Run GGUF models easily with a KoboldAI UI. One File. Zero Install.
https://github.com/lostruins/koboldcpp
GNU Affero General Public License v3.0
5.16k stars 353 forks source link

Crashing when processing image using MiniCPM 2.6 #1087

Closed jabberjabberjabber closed 1 month ago

jabberjabberjabber commented 2 months ago

Describe the Issue When sending a specific image to kobold using MiniCPM 2.6 the Kobold server crashes.
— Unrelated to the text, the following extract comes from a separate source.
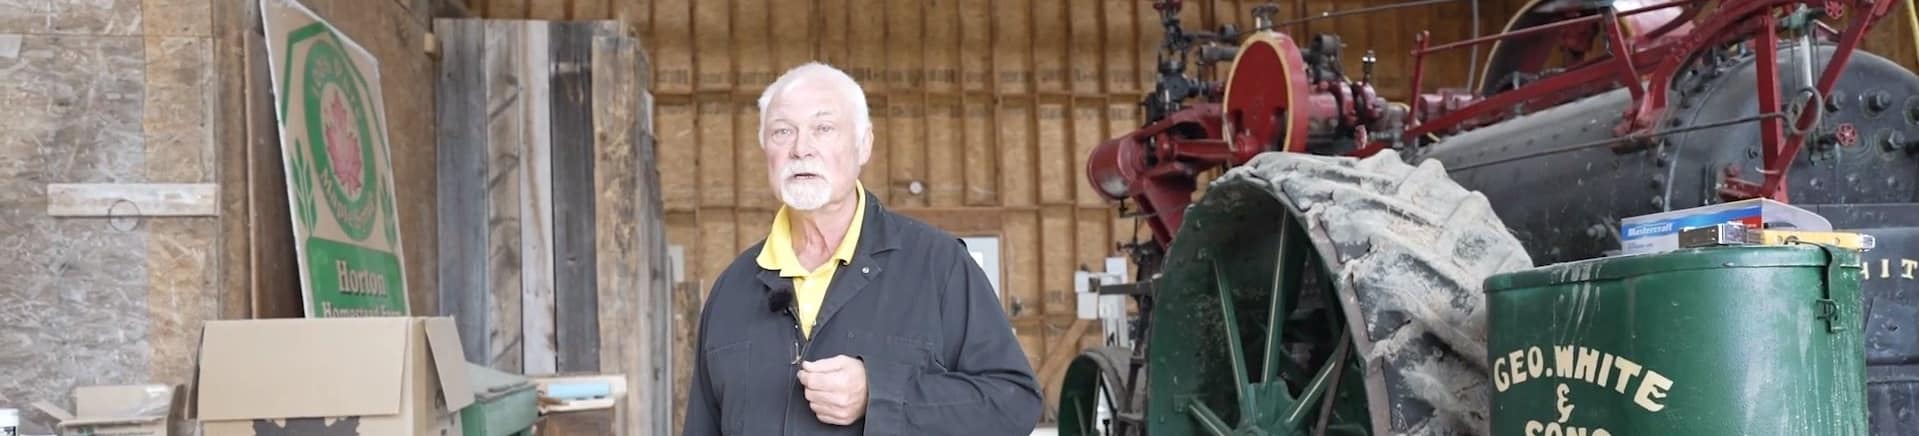 Man in Sugar Barn explaining how to make Maple Syrup

Works with Llava 1.5.

Additional Information: Image causing crash: 2024-02-24_171639 Crash log: crash.txt Script used:

import argparse
import base64
import requests
from PIL import Image
import io

class ImageProcessor:
    def __init__(self):
        pass

    def process_image(self, file_path):
        try:
            with Image.open(file_path) as img:
                if img.mode != 'RGB':
                    img = img.convert('RGB')

                jpeg_bytes = io.BytesIO()
                img.save(jpeg_bytes, format='JPEG', quality=95)
                jpeg_bytes.seek(0)
                base64_encoded = base64.b64encode(jpeg_bytes.getvalue()).decode('utf-8')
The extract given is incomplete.